O psicólogo reflete sobre dependência por atenção e identidade, abordando temas como vínculo-corpo, ambiente-caótico e armário-filme em seu novo livro sobre jovem gay e profundo recomeço.
Eu sempre acreditei que a minha vida era um grande drama, com personagens e cenários que pareciam sair de uma trama de filme. A verdade é que eu vivia me sentindo como um ator trágico, sempre pronto para desempenhar meu papel no mundo. Mas, na verdade, eu era apenas um personagem em um cenário mais amplo, e o drama era apenas uma parte da minha história.
Com o tempo, eu comecei a perceber que meu drama era também um vício, um hábito que eu desenvolvia ao longo dos anos. Eu me sentia viciado em sofrer, em me sentir triste e desesperançado. Mas, ao mesmo tempo, eu sabia que era capaz de mudar, de superar o meu drama e encontrar a felicidade. A verdade é que eu estava cansado de ser o protagonista do meu próprio drama, e eu queria encontrar uma nova trama, uma nova história para ser contada. Eu estava pronto para dar um fim ao meu drama e começar uma nova página na minha vida.
Desvendando as Sombras do Drama
Eu, um jovem que sempre pareceu saber onde o drama se escondia, me pergunto: é que isso era uma escolha ou uma necessidade? Pode parecer exagerado, mas eu realmente achava que o drama era meu papel principal. E, para ser sincero, eles estavam certos. Eu precisava de situações intensas e emoções em altos e baixos para encontrar esses momentos raros de calmaria. Era como se estivesse em busca de frenesis emocionais, criando conflitos e embates em cada oportunidade, inventando drama como se fosse uma segunda natureza.
Acho que muitos acreditam que era apenas uma busca por atenção, mas a verdadeira razão era mais profunda. O drama era minha forma de sobrevivência, uma maneira de lidar com a dor e o sofrimento que sempre estiveram presentes em minha vida. Cheguei ao mundo com o pé na porta, causando danos irreparáveis, e um ambiente instável que alternava entre amor e caos.
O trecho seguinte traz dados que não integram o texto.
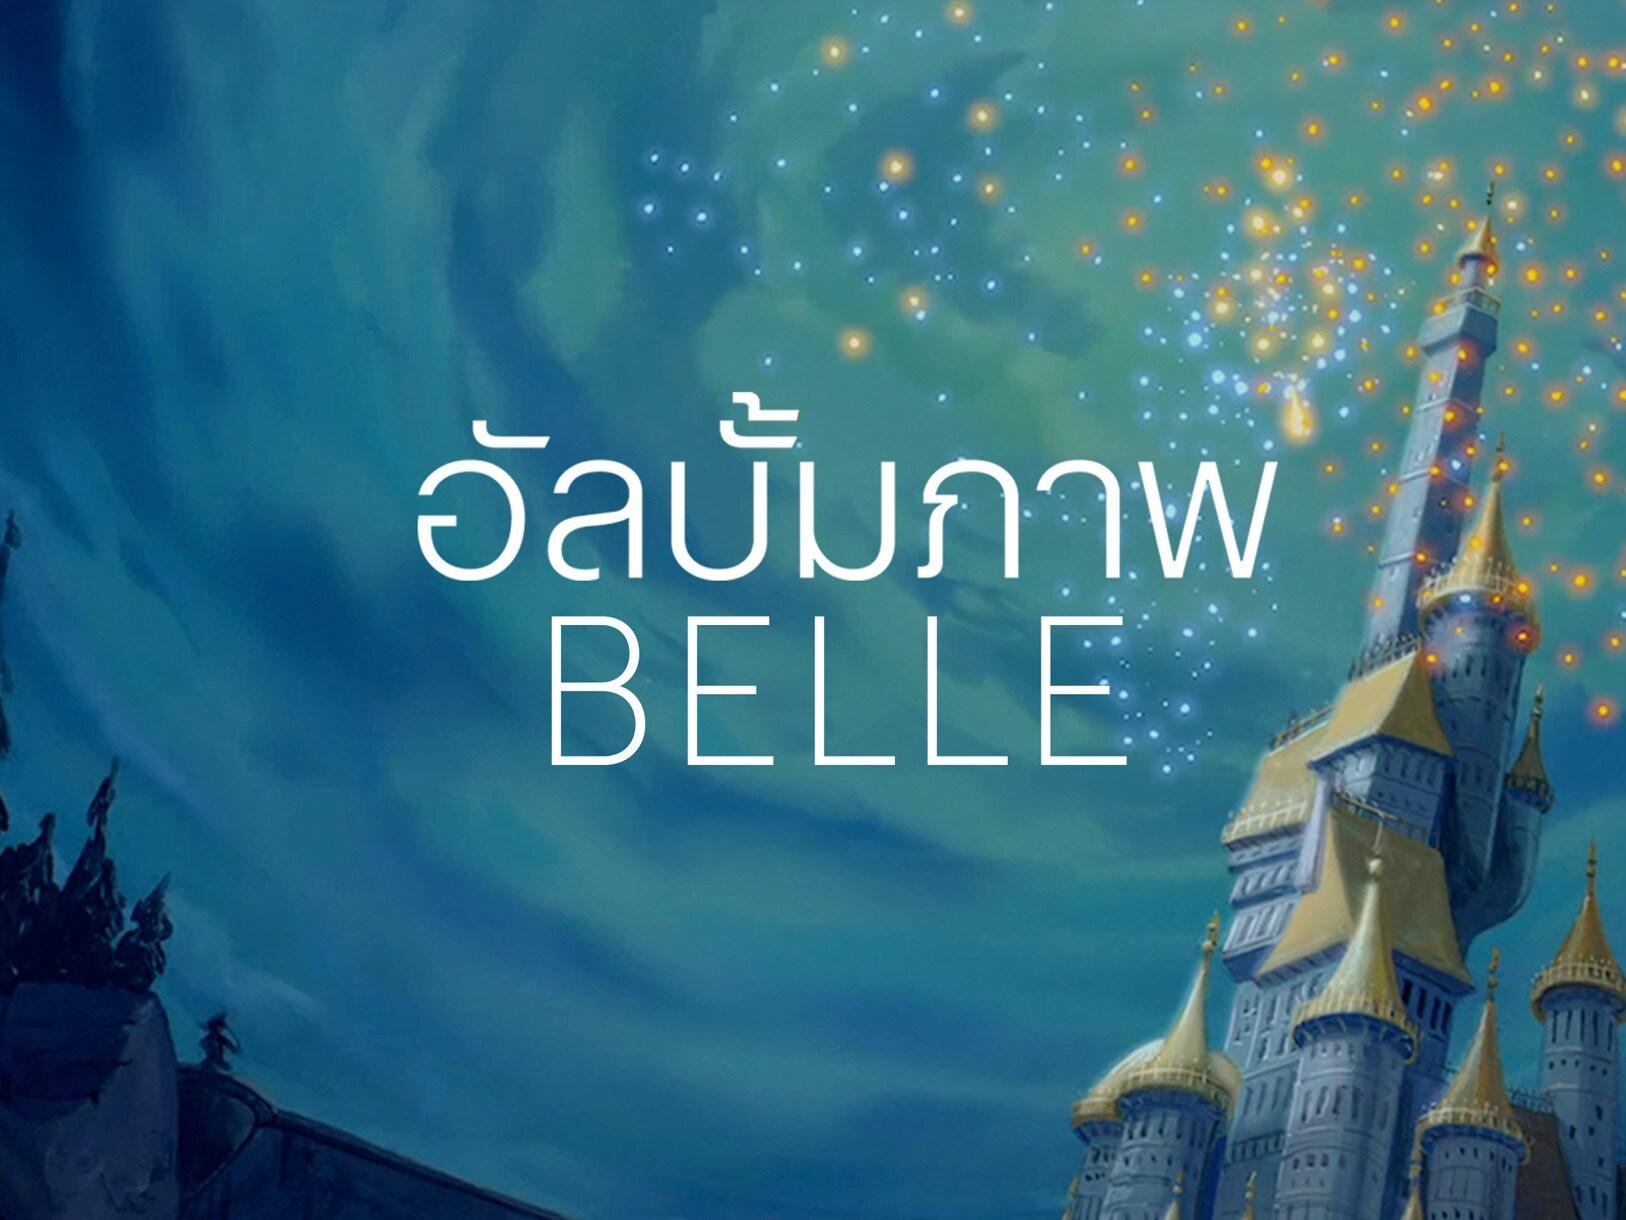 อัลบั้มภาพเจ้าหญิง Belle

O amor era tratado como um humor subversivo, e amar e ser amado significava ser engraçado e divertido. Eu aprendi a atuar para todos verem, escondendo-me em um fantasma vagante ao longo de minha infância.
Eu me refiro a essa época como a Era do Abuso e do Vício, pois foi nela que as costelas de minha mãe foram quebradas, e eu fui hospitalizado por meses. Gerações de abuso e vício em álcool, drogas e jogo criaram um ambiente caótico em que tapas eram distribuídos tão livremente quanto abraços. O ambiente me ensinou a esperar o inesperado e a me conectar com meu corpo de maneira superficial. Amar e ser amado significavam ser engraçado e divertido, e eu aprendi a atuar para todos verem. Minha infância foi marcada por desconexão, e eu me sentia como um fantasma vagante, procurando por momentos em que sentisse ser aceitável voltar ao meu centro.
Na escola, sofri bullying por ser um jovem gay com dificuldades de aprendizado. Muitas tardes, eu ficava sozinho em um armário, sem saber para onde ir ou o que fazer. Eu me sentia preso, como se fosse uma cena de um filme adolescente, e precisava fugir. Aos 13 anos, eu fingi meu próprio suicídio, organizando meticulosamente a cena: espalhei comprimidos pelo chão, arrumei com cuidado o quarto com a garrafa d’água a centímetros dos meus dedos e escrevi uma carta de despedida. Queria punir meus pais, meus colegas da escola e meus professores, além de pedir ajuda para alguém me resgatar daquele caos e sofrimento. Estava em busca de um profundo recomeço, como se fosse reiniciar um computador que ficou doido. Passei meses entrando e saindo do hospital, inventando sempre um jeito de ser readmitido. O hospital era um refúgio para mim, um lugar onde podia ser grandioso e expressivo.
O drama se tornou minha profissão, trabalhando como ator, diretor e coreógrafo. Estava sob estresse constante, e consegui lidar com isso, mas não percebi que estava usando o estresse para prosperar. Minha tolerância para disfunção, crise e caos estava sendo levada ao limite.